La constitution tunisienne devrait mieux garantir la liberté de religion


STRASBOURG (Conseil de l'Europe) - Le projet de Constitution tunisienne respecte globalement les principes démocratiques, mais certaines dispositions devraient être modifiées, notamment pour mieux garantir la liberté de religion et la neutralité de l'État, ont estimé jeudi des experts de la Commission de Venise, liée au Conseil de l'Europe.

Dans un avis rendu public à Strasbourg, les experts en droit constitutionnel de cette Commission - un organe consultatif aussi appelé Commission pour la démocratie par le droit - ont estimé que ce projet témoigne des efforts du peuple tunisien pour se doter d'une constitution démocratique, basée sur les principes universels de la démocratie et des droits de l'homme.

La commission salue en particulier que le projet garantisse la neutralité totale de l'armée, la protection des handicapés contre tout forme de discrimination, ou encore le droit de veto accordé au parlement concernant la nomination par le président à certaines hautes fonctions militaires ou diplomatiques.

Elle exprime cependant plusieurs réserves, notamment concernant la place réservée à l'islam dans la Constitution.

Le simple fait qu'un État proclame qu'il existe une religion dominante n'est pas, en soi, contraire aux standards internationaux, du moment que cela n'entraîne aucune discrimination quelconque contre les adeptes d'autres religions ou les non-croyants, observent ses experts.

Ils jugent toutefois ambiguë la phrase qui, dans le projet, fait de l'État tunisien le gardien de la religion. Il ne faudrait pas que ce terme puisse être compris comme la religion dominante, c'est-à-dire l'islam, car cela induirait une discrimination entre différentes religions ou croyances et poserait donc un problème certain de respect des standards internationaux, selon eux.

En conséquence, la commission préconise de stipuler plutôt que l'État est le garant de toutes les religions ainsi que des convictions non religieuses.

De la même manière, les juristes européens recommandent de supprimer la mention d'un État protecteur du sacré, formule qui pourrait conduire à légitimer la criminalisation du sacrilège ou blasphème. Le chef de l'État ne devrait pas non plus être compétent pour nommer et révoquer le mufti, comme le prévoit l'actuel projet de Constitution, car cette disposition se concilie mal avec le caractère civil de l'État.
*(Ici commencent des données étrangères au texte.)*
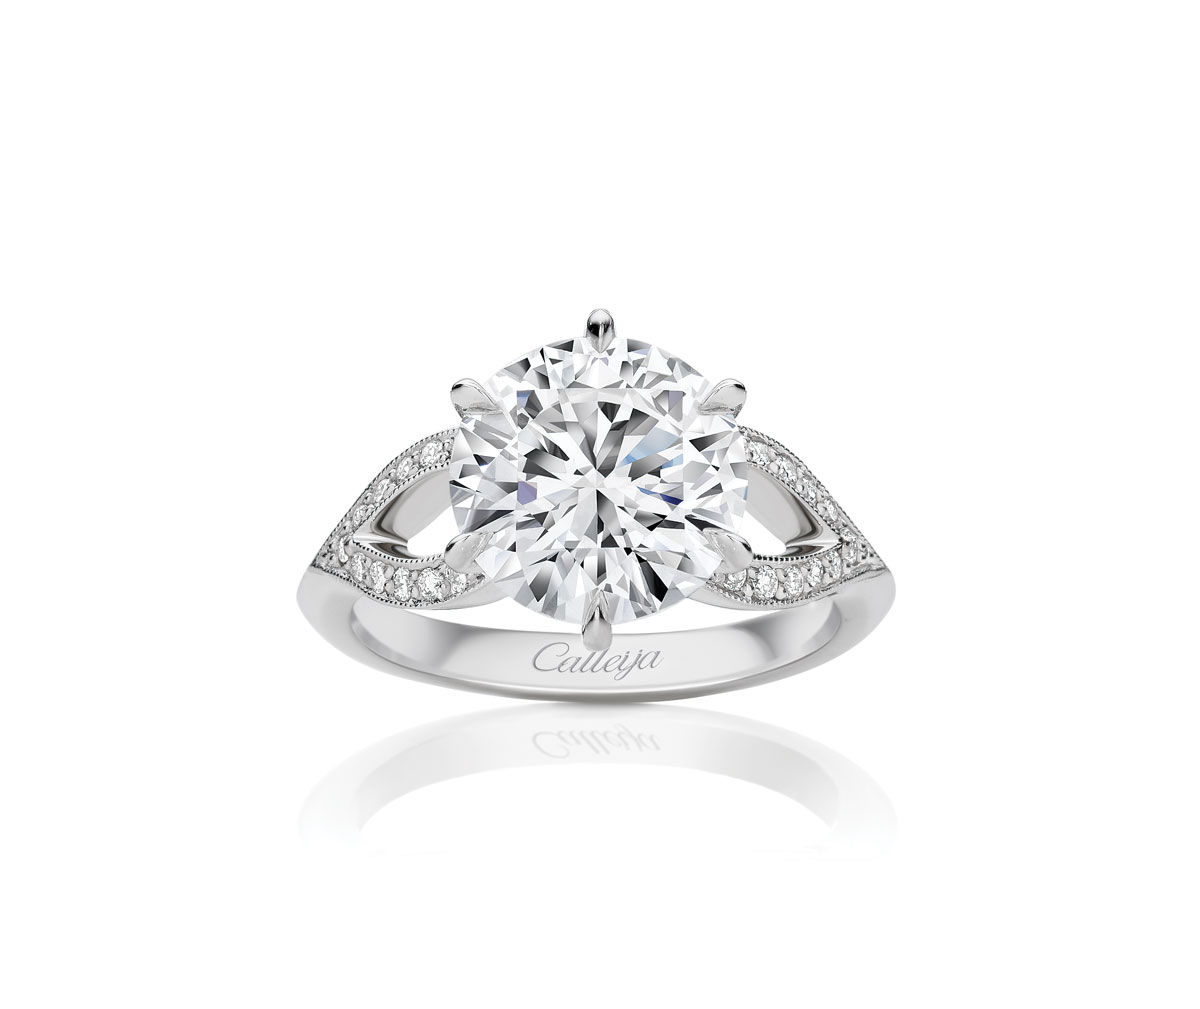 Ring Diamond Calleija - Strategy, Art Direction, Branding, Graphic & Digital Design Advertising Pacifica agency Byron Bay

La commission s'inquiète par ailleurs d'un article du projet proclamant que l'État garantit l'égalité des chances entre la femme et l'homme pour assumer les différentes responsabilités. Cette phrase pourrait être interprétée dans un sens restrictif, l'égalité des chances étant limitée à certaines responsabilités, selon la Commission de Venise, qui préconise de supprimer la mention pour assumer les différentes responsabilités.

Enfin, les experts regrettent que le projet de Constitution prévoie une obligation absolue d'accomplir un service national, ce qui ne permettra pas de tenir compte d'éventuels changements dans les positions et les attentes de la société tunisienne dans ce domaine, comme il est advenu dans d'autres États.

Le projet de nouvelle Constitution tunisienne vise à doter le pays d'institutions pérennes, deux ans et demi après la chute du régime de Zine El Abidine Ben Ali, à l'issue de la première révolution du printemps arabe.

L'élaboration de ce texte, confiée à une Assemblée nationale constituante et marquée par de vifs débats entre laïcs et islamistes au pouvoir, a pris un retard considérable.

La Commission de Venise a été créée au début des années 1990 dans le but d'aider les anciens pays communistes à adopter des règles constitutionnelles compatibles avec les principes démocratiques et de respect des droits de l'homme que défend le Conseil de l'Europe.